Ashamed

            I use the devotional My Utmost for His Highest by Oswald Chambers to begin my daily Quiet Time.  I’ve also been sharing each days devotion with the Gift of the Home group. Today’s was something that I struggle with, as I’m sure you all struggle with, expectations of others.

Chambers states, “It works in this way – if we love a human being and do not love God, we demand of him every perfection and every rectitude, and when we do not get it we become cruel and vindictive, we are demanding of a human being that which he or she cannot give.” 

I’m guilty of this offense in so many ways, so many times.  We look to someone we love to fill all the emptiness that we can’t bear to deal with; we look to them to make us whole.   We expect that their love will provide for us all that we are lacking.  We imagine it, we dream it.  But no matter how much they love us they can not fill us.  When this happens, we feel hurt and lash out at them in some way’ moodiness, discontentment, disrespect, disdain, critical words or the silent treatment.  we quickly forget that they are human beings.

It’s been a long, difficult road to accept that it is God who fills our emptiness, who makes us whole.  It will always be difficult because we are human beings after all.  We love someone and want them to love us in the way we think we need.  We love someone and we try to fill their emptiness.  Our expectations, our responses are damaging to ourselves and each other. There in and of itself is the problem.  We are looking to others and to ourselves when we should be looking to God in all things.
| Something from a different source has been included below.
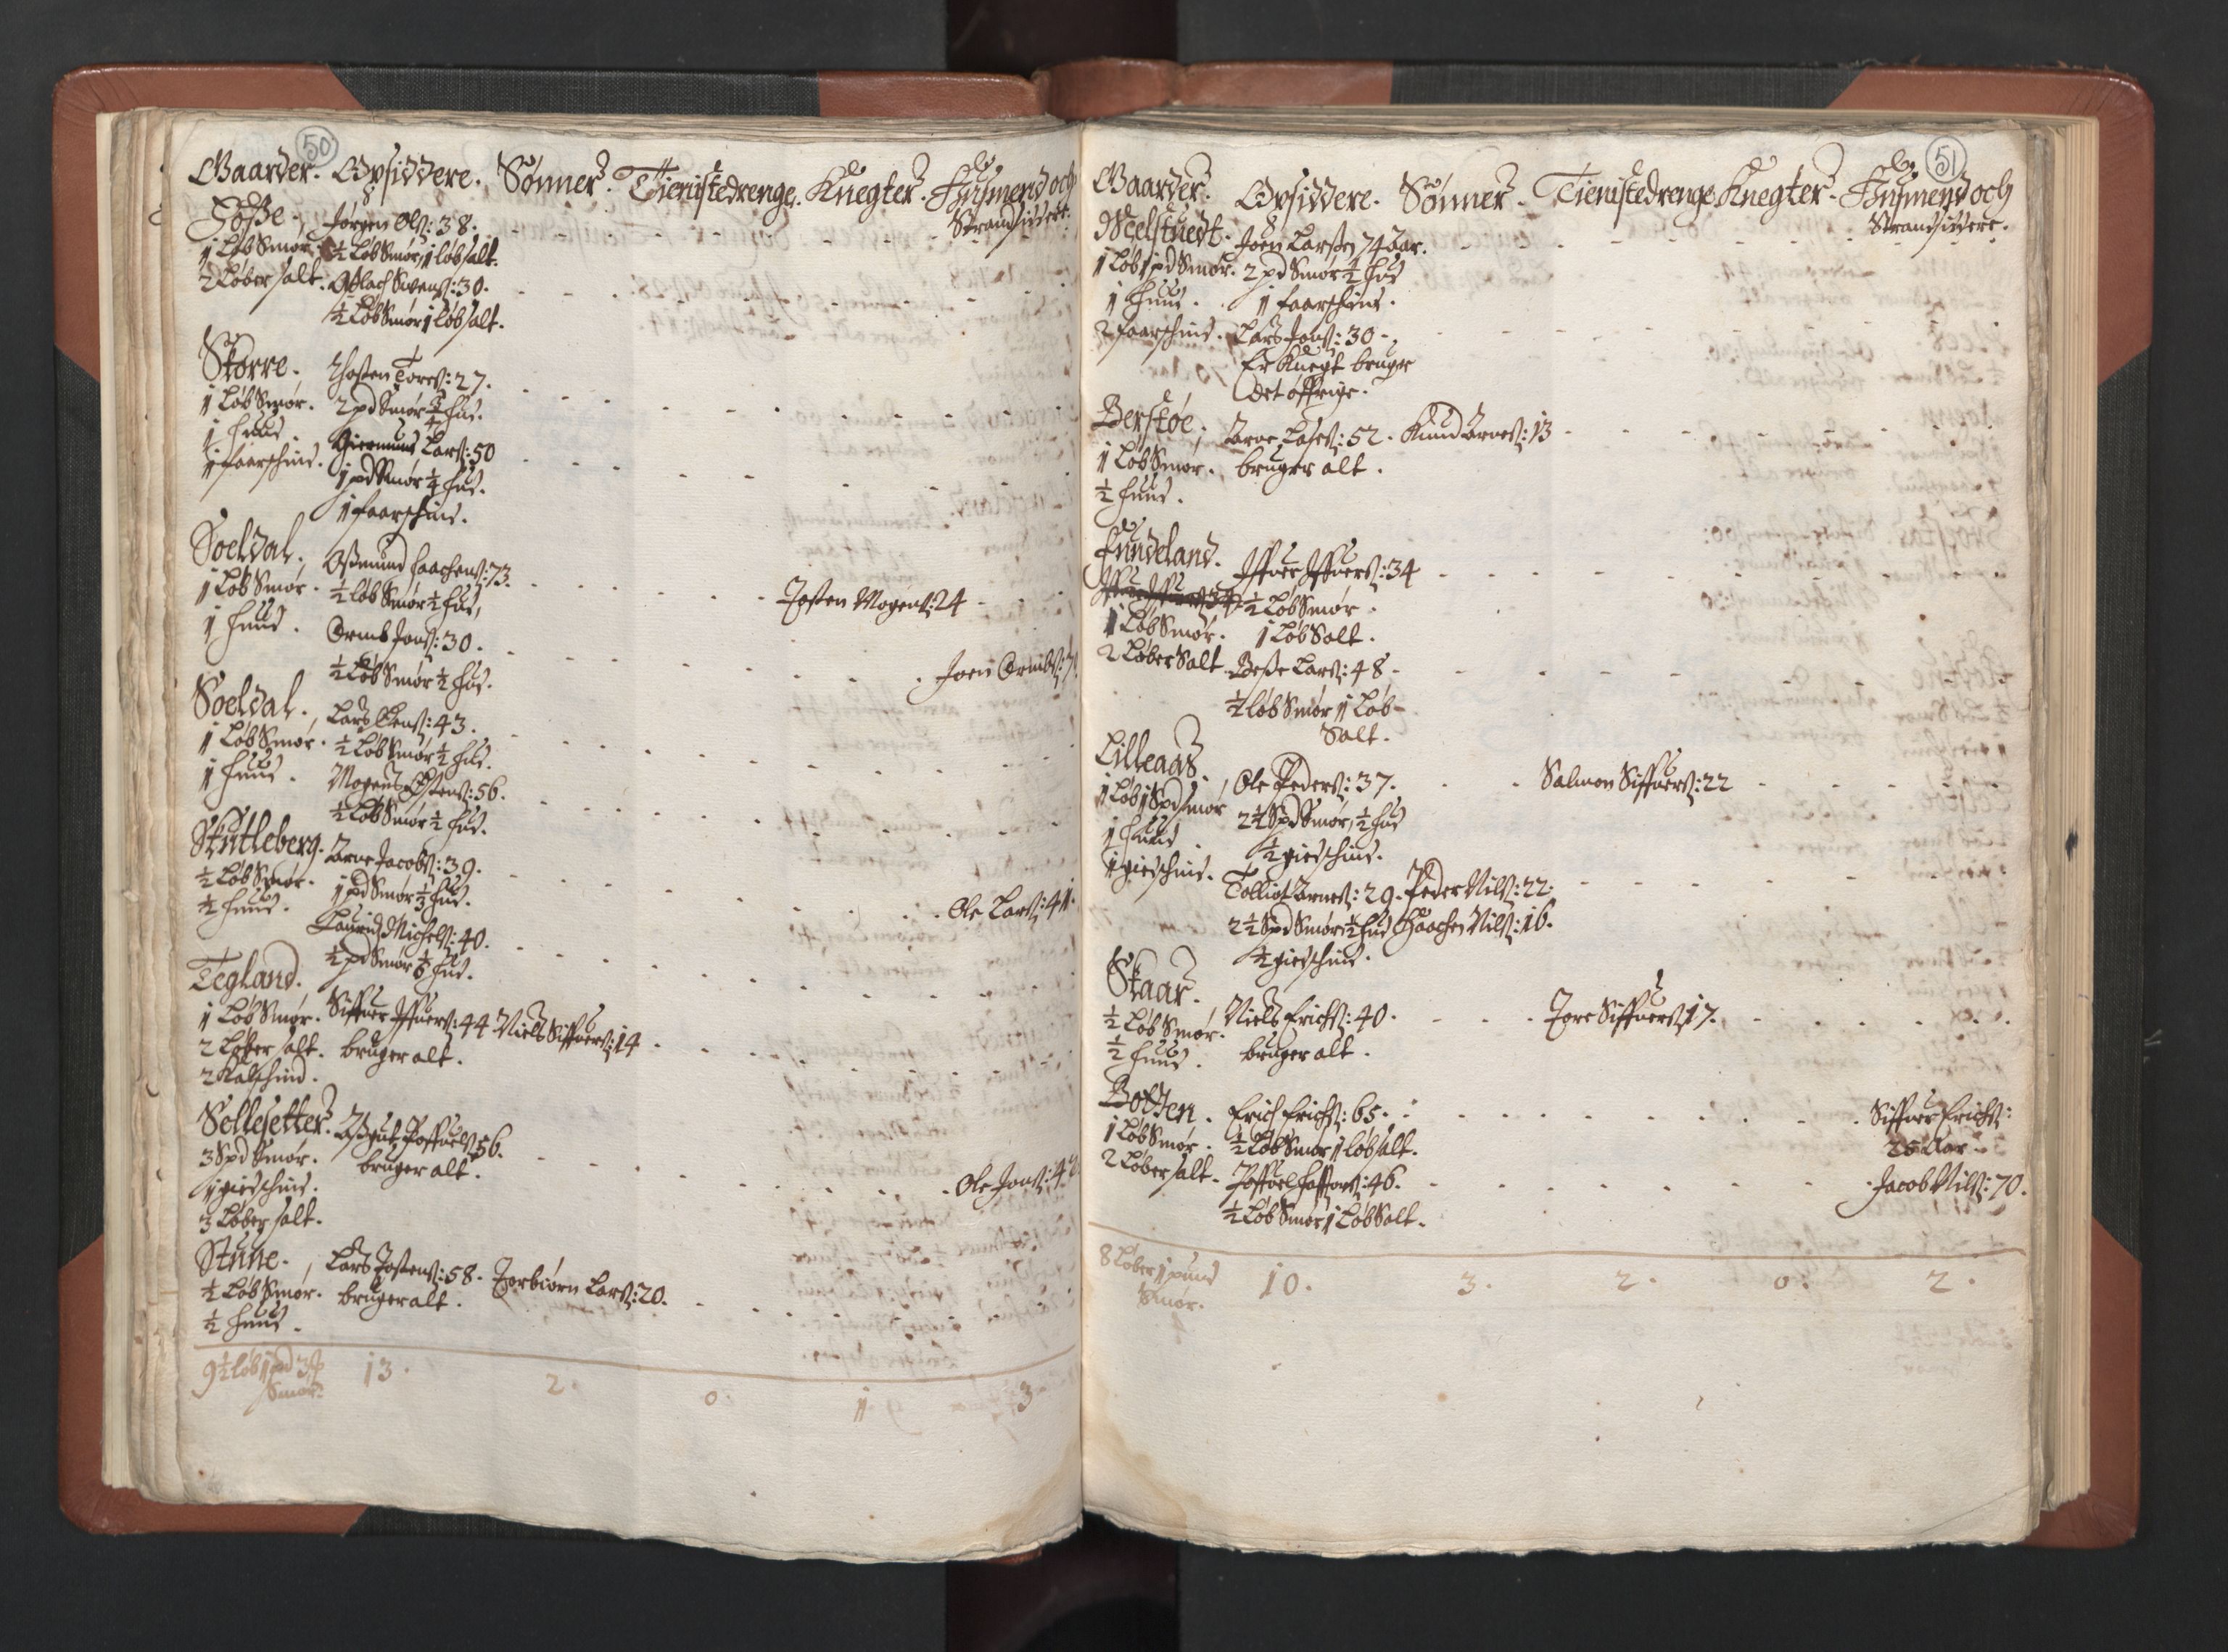 RA, Bailiff's Census 1664-1666, no. 14: Hardanger len, Ytre Sogn fogderi and Indre Sogn fogderi, 1664-1665, p. 50-51

I’ve thought a lot about this sentence as I’ve gone about my morning.  I’ve looked back and have seen where my expectations of others led to disaster;  how I didn’t see things clearly because of my expectations.  I’ve looked back and have seen how my responses were when they didn’t live up to my expectations of them.
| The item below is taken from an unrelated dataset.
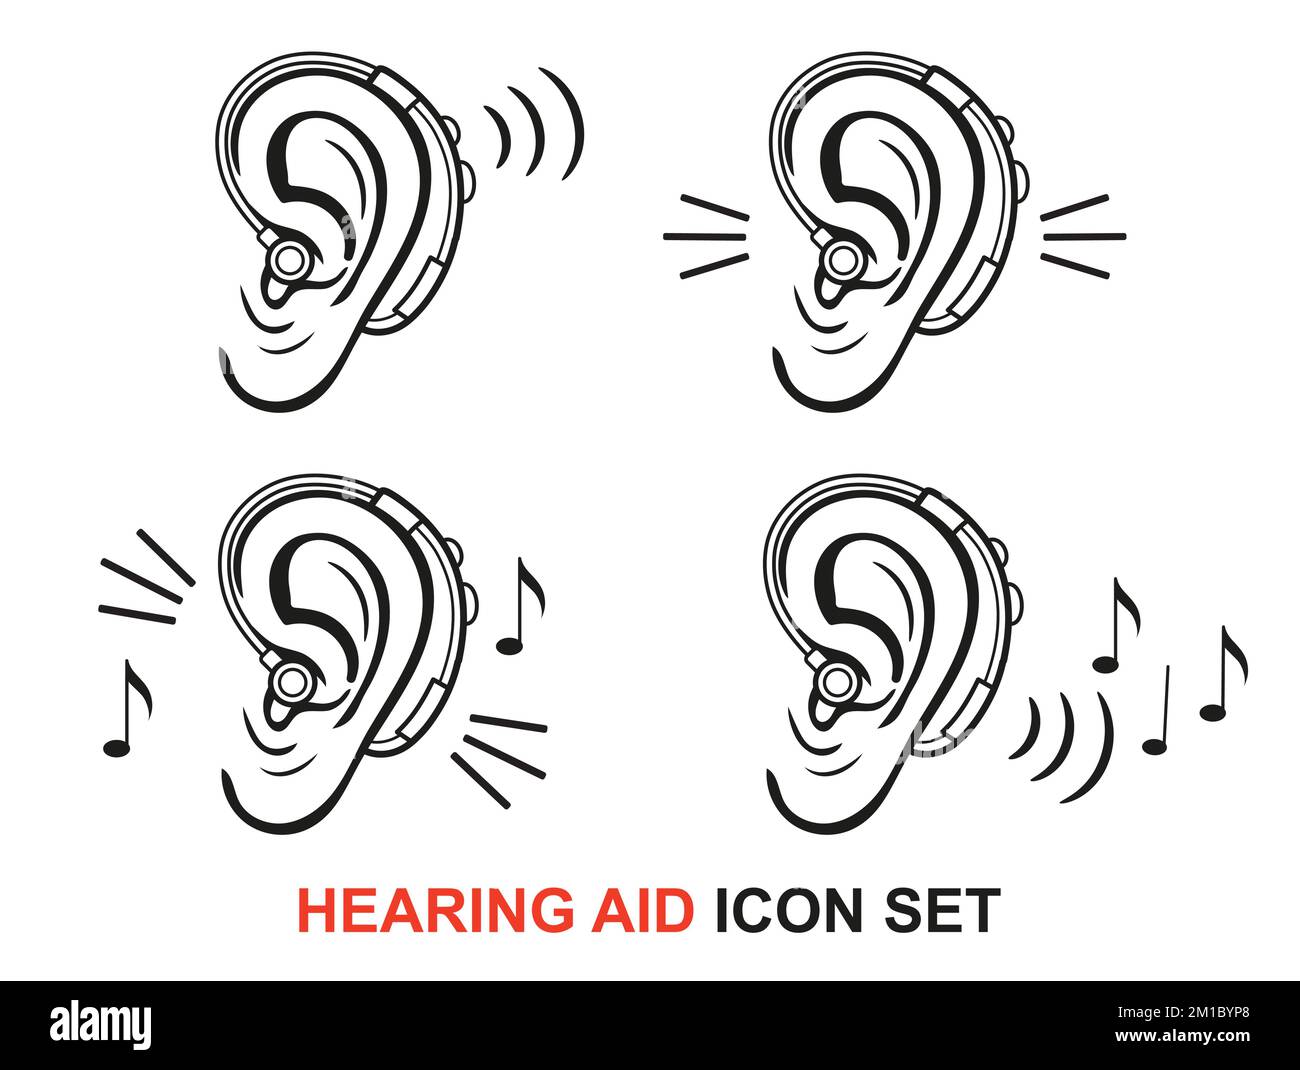 Hörgerät für Gehörlose, Hörverlust, medizinisches Hörgerät, Gehörlosenliniensatz. Menschliche Tonwahrnehmung. Hören Sie zu. Vektor Stock Vektor

I am ashamed.  I am ashamed that I put others before my God.  I am ashamed that I thought someone besides God could fill the empty spaces of my heart.  I am ashamed of my reactions when I didn’t get the expectations I wanted.  I am ashamed that I thought I could fill another’s emptiness and make them whole.  I am ashamed that I did not look to God to fill me.

I have been trying to let go of that aspect of being a human being.  It’s difficult but each day I pray that I will allow God to be all He’s meant to be in my life.

I must always remember: Human beings can not fulfill you in the ways that God can ~ it’s not humanly possible nor are they supposed to.